As for working tools, the Python language is usually used to write code for experiments, and the Tensorflow or Pytorch frameworks are used to train neural networks. The work also involves special libraries for image processing such as OpenCV. For high-load projects, the C++ language can also be used, since anything written in it is executed many times faster.

Computer vision is a young, dynamically developing field at the intersection of science and engineering, in which there are still more experiments than ready-made solutions. To grow, a specialist here needs to constantly learn. But it is the novelty and non-standard nature of the tasks, as well as the opportunity to create something truly innovative, that brings many people into this profession.

What do they teach in computer vision classes at AI Education?

Training at the best computer vision course typically consists of three modules: creating infrastructure, basics of machine learning and studying computer vision.
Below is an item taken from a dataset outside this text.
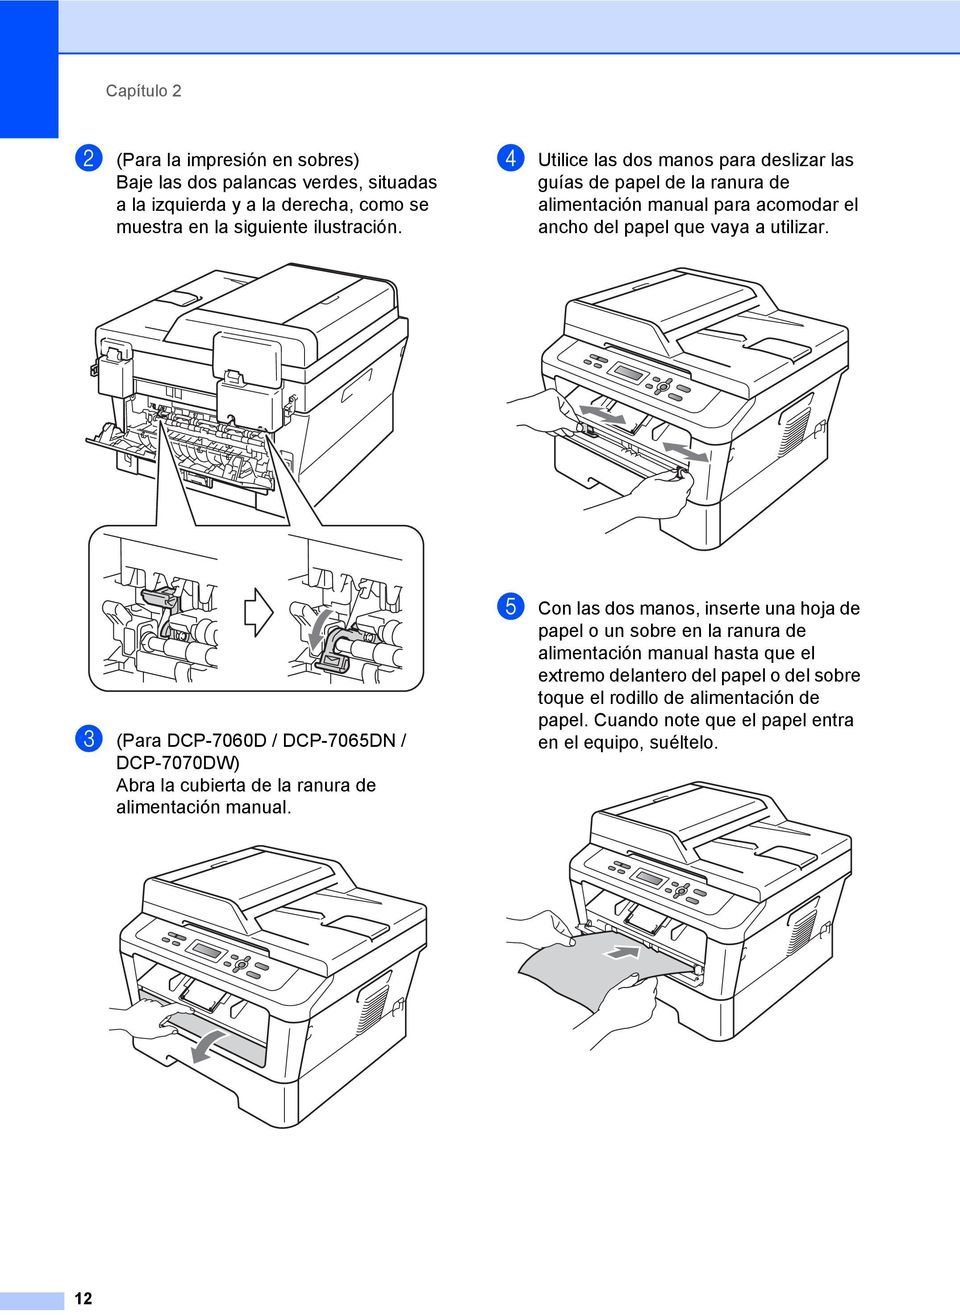 c (Para DCP-7060D / DCP-7065DN / DCP-7070DW) Abra la cubierta de la ranura de alimentación manual.

The first block at a computer vision online course can be called introductory. Since specialists in the field of computer vision rely on knowledge of mathematics and programming when solving problems, at the start they will have to study from scratch or brush up on topics from higher mathematics, mathematical analysis and linear algebra, as well as work with the Python language. Don’t worry if your knowledge is limited to school mathematics, which was “long ago and not true”: we will help you improve the necessary topics in the first module, so that in the future all students can move through the program at the same rhythm.
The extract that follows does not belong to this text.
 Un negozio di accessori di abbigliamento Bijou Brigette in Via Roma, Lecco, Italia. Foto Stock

The second module is entirely devoted to machine learning. It helps solve computer vision problems faster and easier. For example, for facial recognition, you can expertly describe facial features based on questions that are asked when compiling an identikit. Or you can feed the algorithm a lot of photographic portraits with markings about which face belongs to whom, and then the algorithm itself will learn to extract features by which faces can be identified. In the future, if you need to determine who is in the photo, the algorithm will only need a database of portraits. If there is a photo of the person you need, the system itself will easily find him.

In the second module you will examine probability theory and mathematical statistics. Students will practice solving problems using fundamental algorithms and data structures in Python, become familiar with Python libraries for Data Science (NumPy, Matplotlib), as well as machine learning algorithms.

Finally, in the third module at this machine vision course you will analyze the main tasks of computer vision, we will work with mathematical morphology and the OpenCV and PIL libraries!